RecallFailures int `json:"recall_failures,omitempty"`
Results []BenchmarkResult `json:"results"`
}
BenchmarkSummary aggregates results from a single benchmark run.
func Summarize ¶
func Summarize(name string, results []BenchmarkResult, k, recallFailures int) *BenchmarkSummary
Summarize aggregates a slice of BenchmarkResult into a BenchmarkSummary. recallFailures is the number of QA pairs for which the recall step failed; it is recorded in the summary so callers can detect partially-degraded runs.
type Client ¶
type Client interface {
Reset(ctx context.Context) error
Store(ctx context.Context, content string) error
Recall(ctx context.Context, query string, limit int) ([]string, error)
}
Client is the interface that benchmark harnesses use to interact with the openclaw-cortex binary. CortexClient implements it; tests can inject a stub.
type CortexClient ¶
type CortexClient struct {
// BinaryPath is the path to the openclaw-cortex binary. Defaults to "openclaw-cortex".
BinaryPath string
// ConfigPath optionally points to an openclaw-cortex config file.
ConfigPath string
// CallTimeout is the per-subprocess deadline for each Reset/Store/Recall call.
// Zero means use defaultCallTimeout (30 s).
CallTimeout time.Duration
}
CortexClient wraps the openclaw-cortex binary via execFile (no shell injection). It implements Client.
func NewCortexClient ¶
func NewCortexClient(binaryPath, configPath string) *CortexClient
NewCortexClient returns a CortexClient with sensible defaults.
func (*CortexClient) Recall ¶
Recall runs `openclaw-cortex recall --context _ <query>` and returns up to limit memory content strings parsed from the JSON output.
--budget limit*500 is a token-based heuristic, not a hard result count. The binary trims output to that many tokens; if memories are verbose the binary may return fewer than limit results, and the trailing contents[:limit] slice becomes a no-op. For the synthetic benchmark datasets (each fact/turn ≤ 30 tokens) 500 tokens per expected result is intentionally generous, making under-counting in practice very unlikely.
Note: Memgraph itself may also return fewer than limit items if fewer memories match the query. In that case len(contents) < limit with no error — RecallAtK is evaluated against the actual candidates returned, not a padded set. For the synthetic datasets this is expected and correct.

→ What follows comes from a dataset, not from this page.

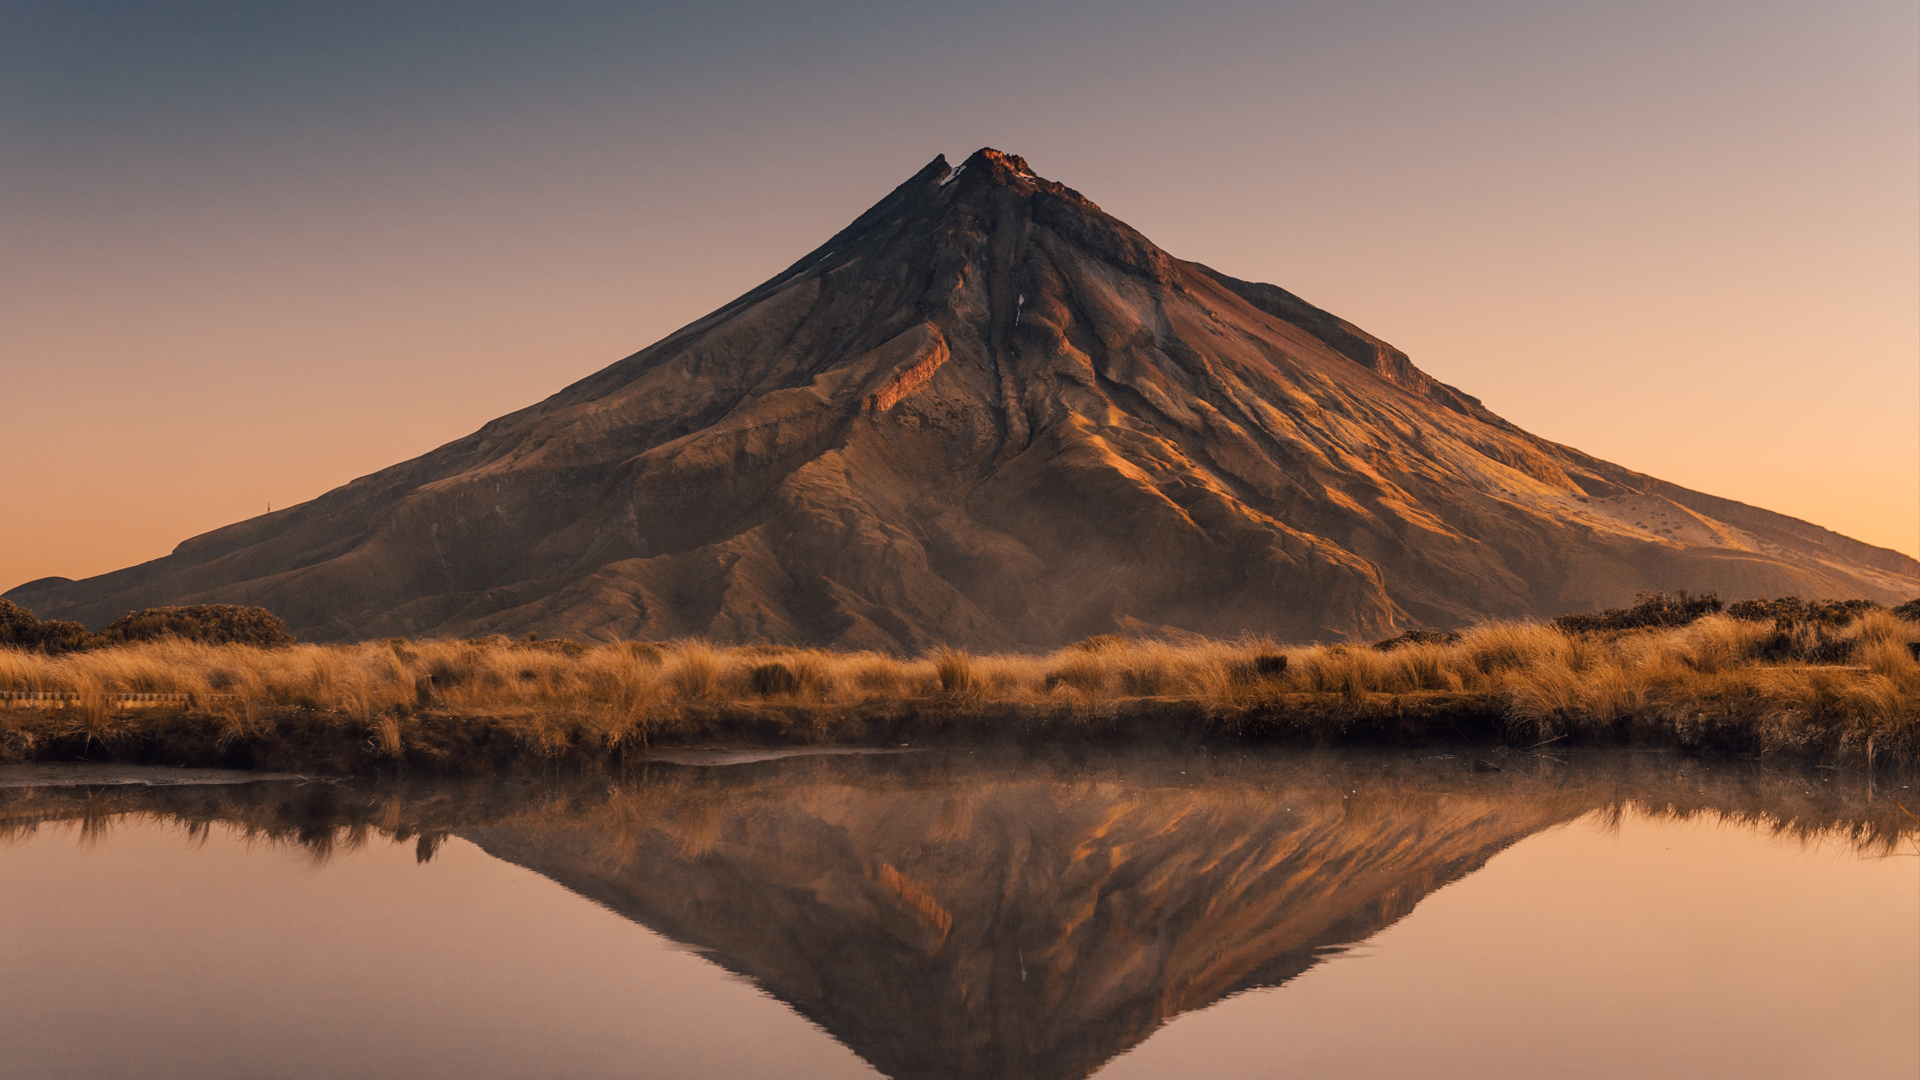 A mountain reflected in a lake.

func (*CortexClient) Reset ¶
func (c *CortexClient) Reset(ctx context.Context) error
Reset calls `openclaw-cortex reset --yes` to wipe all memories from the store. Used by benchmark harnesses to isolate QA pairs from each other.
func (*CortexClient) Store ¶
func (c *CortexClient) Store(ctx context.Context, content string) error
Store runs `openclaw-cortex store <content>` to persist a fact memory. --scope permanent is intentional: eval facts represent ground-truth knowledge that should outlive a session, and all eval facts receive the same scope so relative recall scoring is unaffected by scope-boost.
type RecallJSONResult ¶
type RecallJSONResult struct {
Memory struct {
Content string `json:"content"`
} `json:"memory"`
}
RecallJSONResult is a minimal struct for parsing JSON output from `openclaw-cortex recall --context _`.
Schema: matches cmd_recall.go output as of commit e38b3d5f. The binary serializes []models.RecallResult (internal/models/memory.go):
[{"memory":{"content":"..."},...}, ...]
The outer key is "memory" (json:"memory") and the content key is "content" (json:"content"). If the recall command's output schema changes — e.g. the outer wrapper is flattened or the field is renamed — update this struct and TestRecallJSONResultSchema in tests/eval_runner_test.go.
Exported so that tests/eval_runner_test.go can test JSON schema parsing without requiring a live binary (CLAUDE.md: tests live in tests/).